Por bferreira

Rio - A investigação francesa sobre possíveis fraudes na filial suíça do banco HSBC terminou nesta semana e o país pode ser o primeiro a julgar a instituição. O banco também é alvo de autoridades britânicas e dos Estados Unidos, depois de ser acusado de ajudar clientes a sonegar impostos de 1988 a 2007.

A suposta fraude envolve cerca de três mil correntistas franceses, entre eles Arlette Ricci, de 73 anos. A herdeira da marca de perfumes Nina Ricci é acusada de esconder U$S 22 milhões (R$62 milhões) do fisco francês em uma conta na filial suíça do HSBC.

As acusações contra ela, que envolvem os crimes de lavagem de dinheiro e sonegação fiscal, podem terminar em cinco anos de prisão e multa. Na França, a investigação começou em novembro de 2014. Os promotores têm três meses para entrar com ação contra o banco.

No domingo, o HSBC se desculpou publicamente em anúncios divulgados em jornais ingleses. Em uma carta aberta a funcionários e clientes, o diretor-executivo da instituição, Stuart Gulliver, se retratou. “Temos que compreender que a sociedade à qual servimos espera mais de nós, Por isso, pedimos nossas mais sinceras desculpas”, afirma o executivo. Ele também diz que a divulgação do escândalo na imprensa tem sido uma experiência “dolorosa”.

Gulliver diz que a mídia deve colocar as informações em contexto, lembrando que o escândalo se refere a dados que remontam há mais de oito anos. O escândalo foi revelado em uma investigação conhecida como Swissleaks, em que um grupo de jornalistas de vários países descobriu que a filial suíça do banco inglês ajudava clientes a driblar os impostos em seus países.

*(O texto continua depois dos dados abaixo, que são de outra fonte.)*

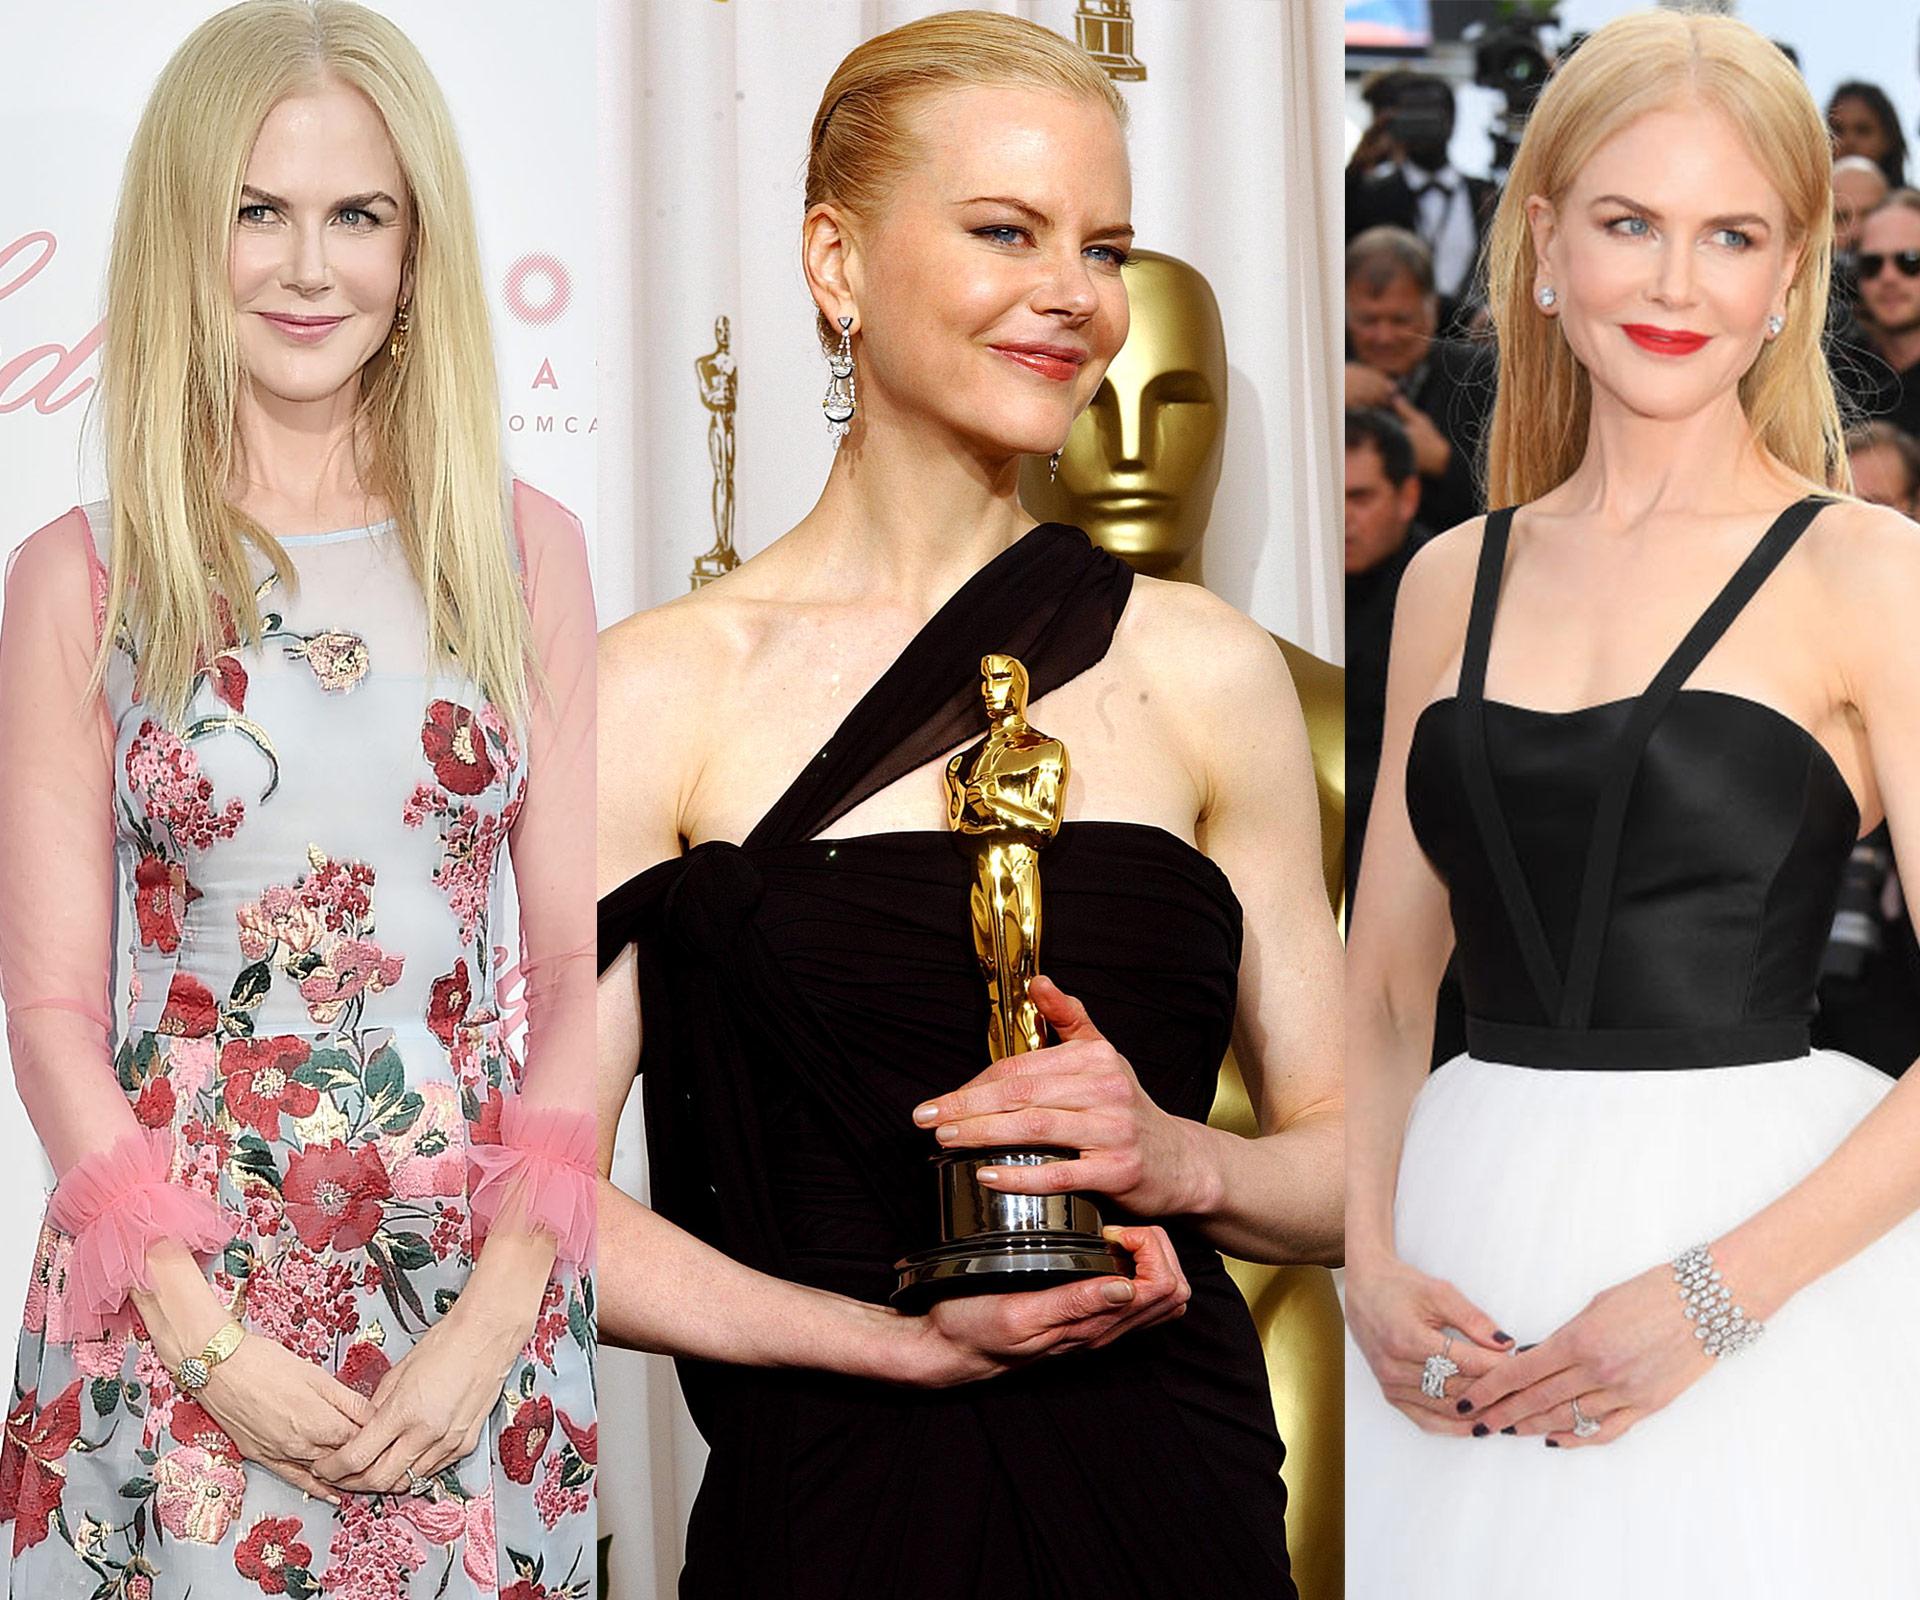 Nicole Kidman at 50: I still act like 'a 21-year-old'
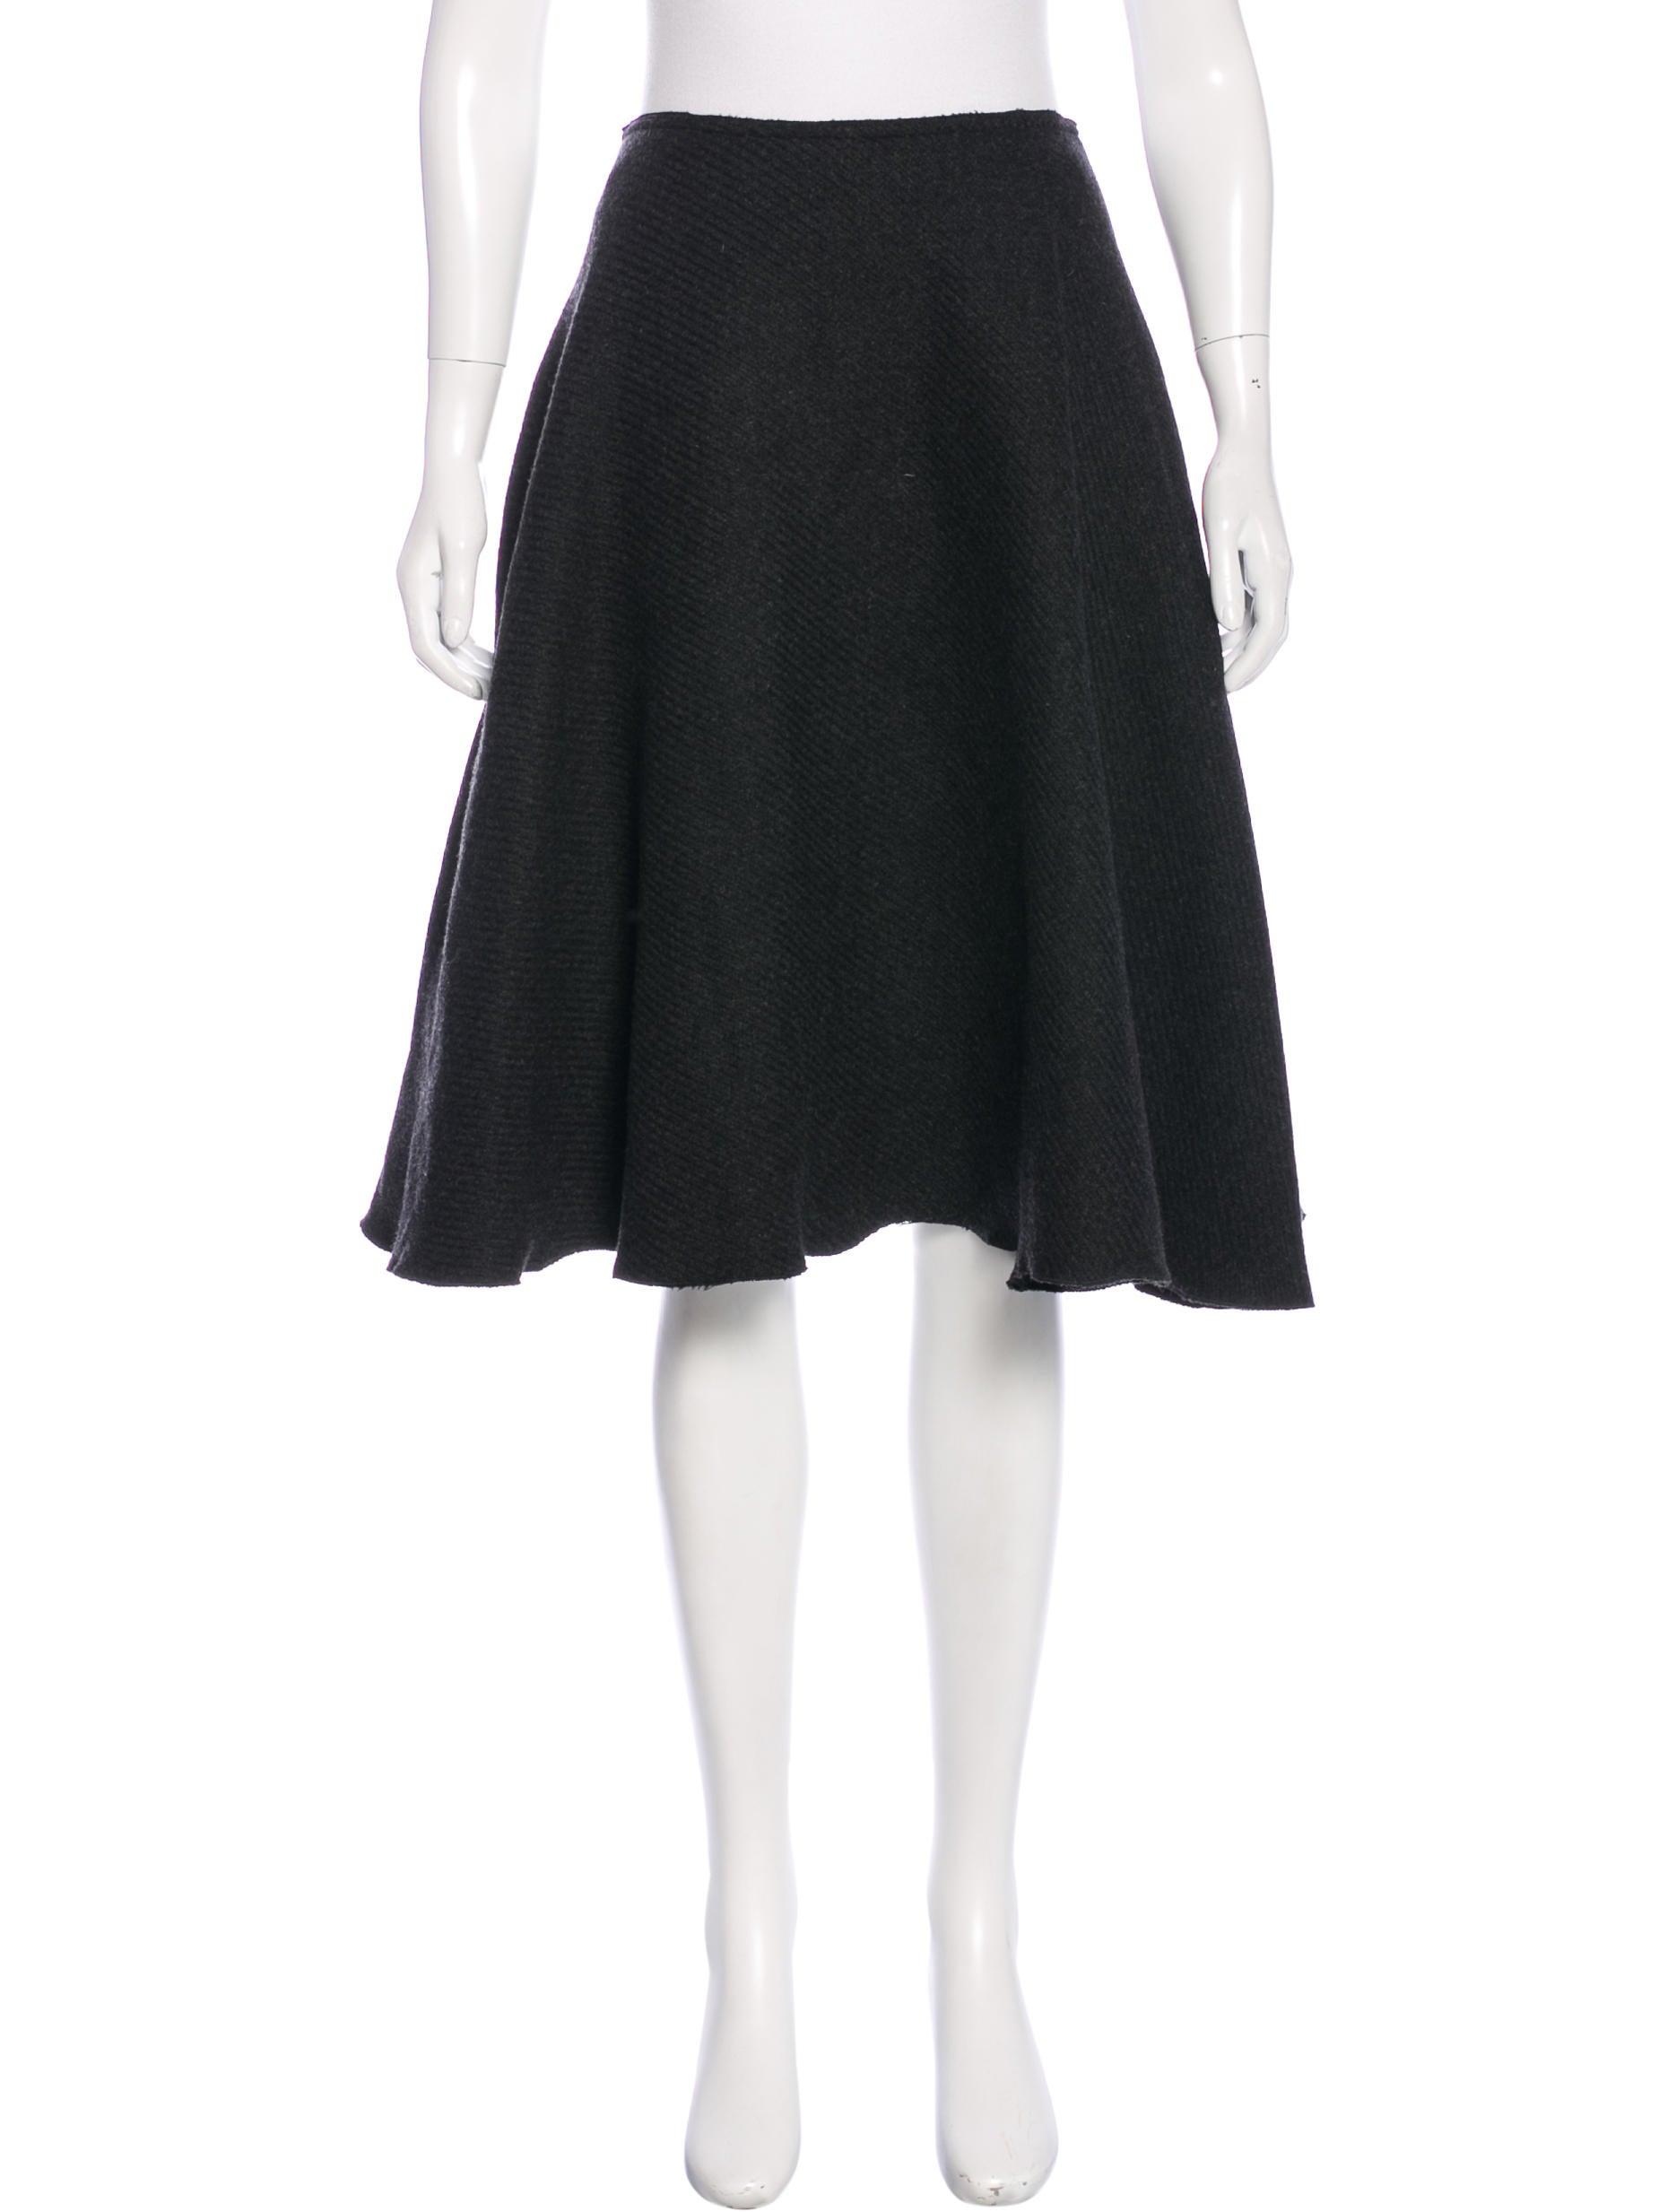 prada wool a line skirt clothing pra144823 the realreal

A investigação foi baseada em documentos entregues por um ex-funcionário do banco, Hervé Falciani, a autoridades francesas.

Entre os brasileiros com conta no banco, constavam 11 nomes ligados à Operação Lava Jato — que investiga atos de corrupção dentro da Petrobras. Um deles é o ex-gerente de Serviços da Petrobras, Pedro Barusco, que está colaborando com as autoridades por meio de um acordo de delação premiada.

Na semana passada, a Receita Federal informou que teve acesso à lista de correntistas brasileiros citados no Swissleaks e investiga suas movimentações financeiras.